Article

A few days ago I started watching Mr robot for fun. And I pause just after the first scene. 📹

For those who do not remember:

And a question, me trigger, what does Elliot say?

"Who controls the exit node is in control of traffic"

In this case I agree with him the Tor protocol can be compared to a proxy string where http traffic can be spied by the exit node. 🧅 With some research i could find some interesting "problem" on this point:

SSLstrip

With some research and tests on my side, I was able to make a more precise conclusion, the ssl is not secure as we think in this case. We can do what is called "sslstrip" and thus we have ruined the whole chain and all the user’s traffic. Interesting doc on this point:

• https://nopsec.com/blog/responder-beyond-wpad/
• https://security.stackexchange.com/questions/8145/does-apfte-prevent-man-in-the-middle-attacks-by-proxy-server
• https://loadbalancer.org/blog/transparent-vs-explicit-proxy-which-method-should-i-use/
• https://9proxy.com/blog/transparent-proxy-vs-explicit-proxy
• https://github.com/moxie0/sslstrip
• https://github.com/droe/sslsplit
• https://youtu.be/X5oXcXrQDqE?feature=shared

Ron’s architecture

Ok now let’s go back to a fundamental problem of tor, only one server can use a configuration file of the website tor (or I missed an update of tor maybe?). So in this case I drew a logical architecture of the infrastructure of the Ron with 2 mirrors that each manage 50% of the traffic (for example)

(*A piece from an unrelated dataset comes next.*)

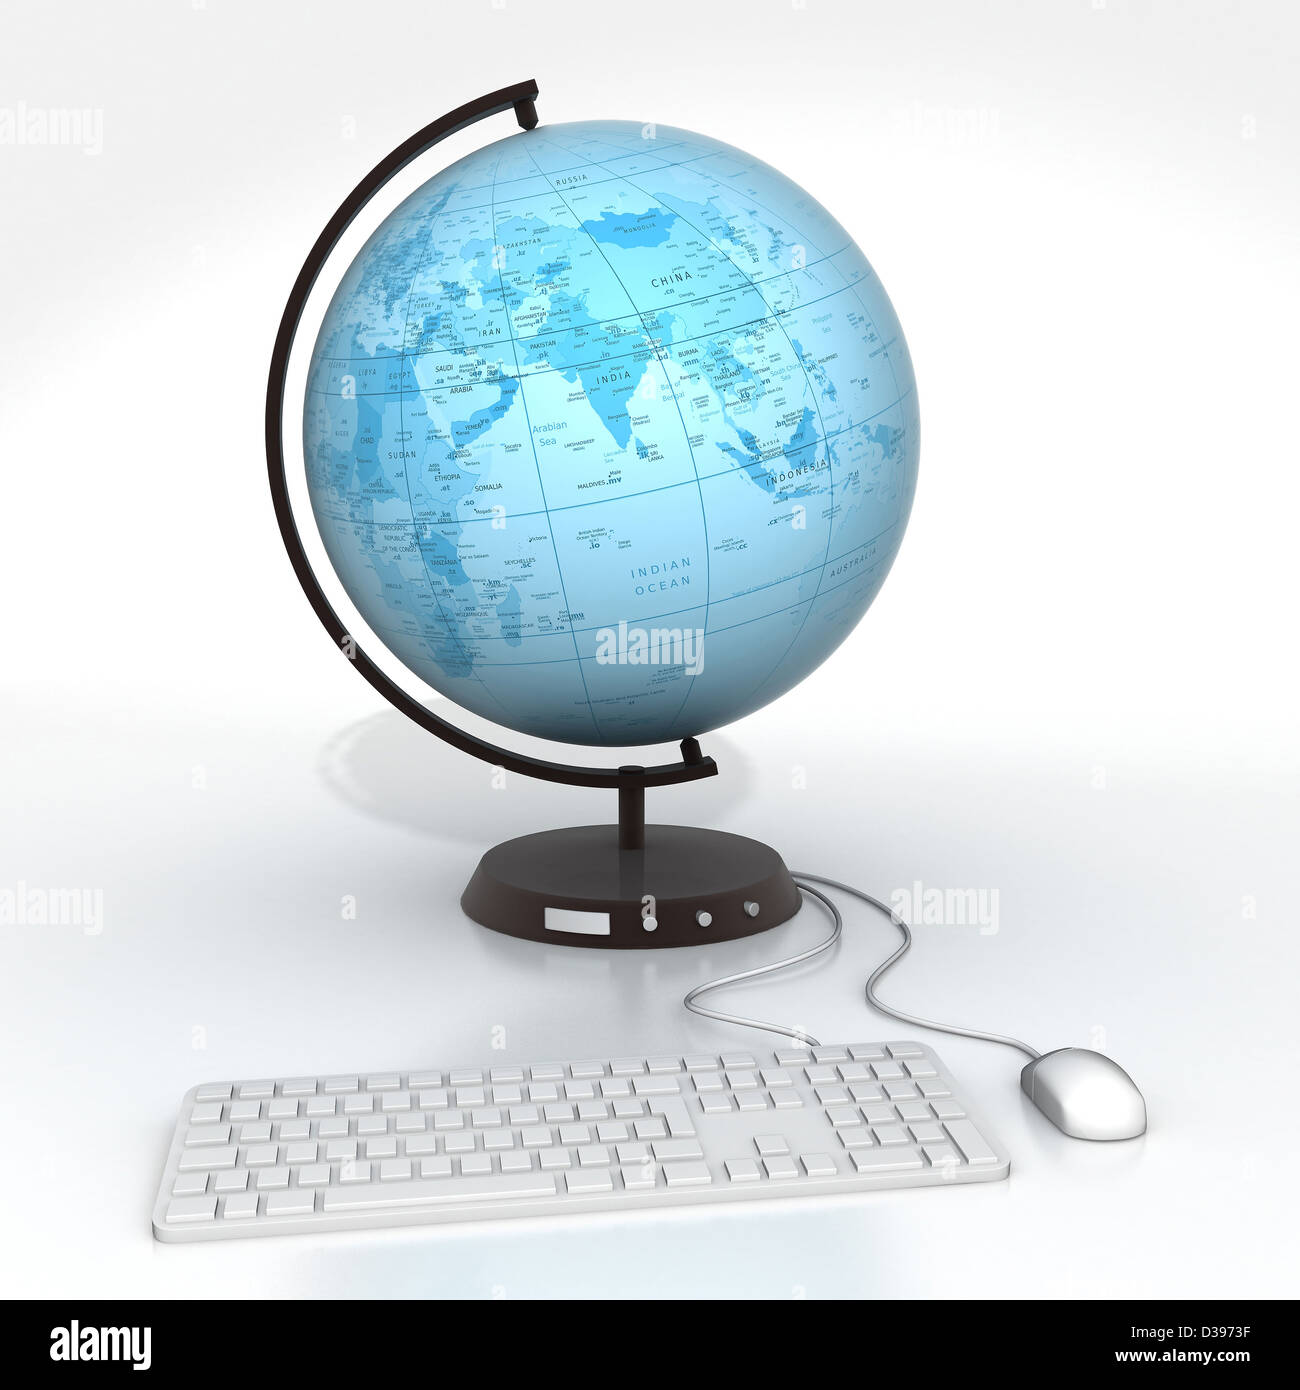 Conceptual image of desktop globe attached to computer keyboard and mouse depicting global communications Stock Photo

Note: this architecture has been realized in the case where it is considered that the number of users is equally distributed on both servers. In addition, we must also consider that each coffee shop has an equivalent server with regard to performance.

Let's get back to the video. With some logic, what he said is quite "strange". Let’s be Elliot a little bit and try to understand his plan:

1. The Wifi is fast (nothing is free)
2. Scan the local area (with nmap orrustscan)
3. Find the server on the network (wtf is this ? lol)
4. Hack the server and find Ron’s website. (fake news: see what he says)

So the question is, what’s Elliot’s real plan?

Ron’s cloned architecture

In the case of Ron having the same network system as my schema, hacking the tor control system is not interesting, because the tor site is not on the same server. So the only way to hack the tor website is to hack the server before the load balancer.

Next, with this problem, how did he know the mirror .onion url? I’m not sure that a "header hacking" is possible in this case. So the only way to know the mirror URL is to hack the server before load balancer and find it in configuration file or source code.

So, in my case, to say that the tor network is THE vulnerable point is not correct. The real vulnerability is the server hosted in the cafe, and then the tor network for deeper access.

But wait...

if he has access to the server, why didn’t he just scan the servers themselves and find the tor website data? And do not waste time with the exploit of exit node of the network tor?

Exploiting a server directly is often easier than hacking Tor through an exit node exploit because, with server access, attackers can directly target vulnerabilities like weak credentials, outdated software, or misconfigurations, allowing them to quickly access sensitive data or system controls. In contrast, hacking Tor via exit nodes requires intercepting or manipulating traffic within a highly anonymized and encrypted network, which is much more complex and offers fewer opportunities for directly accessing or de-anonymizing the hidden service itself.

Conclusion

I hope my explanation is clear, and I hope I haven’t missed a point in this example, but I’m quite sure that this scene doesn’t show the real exploitable point of the system.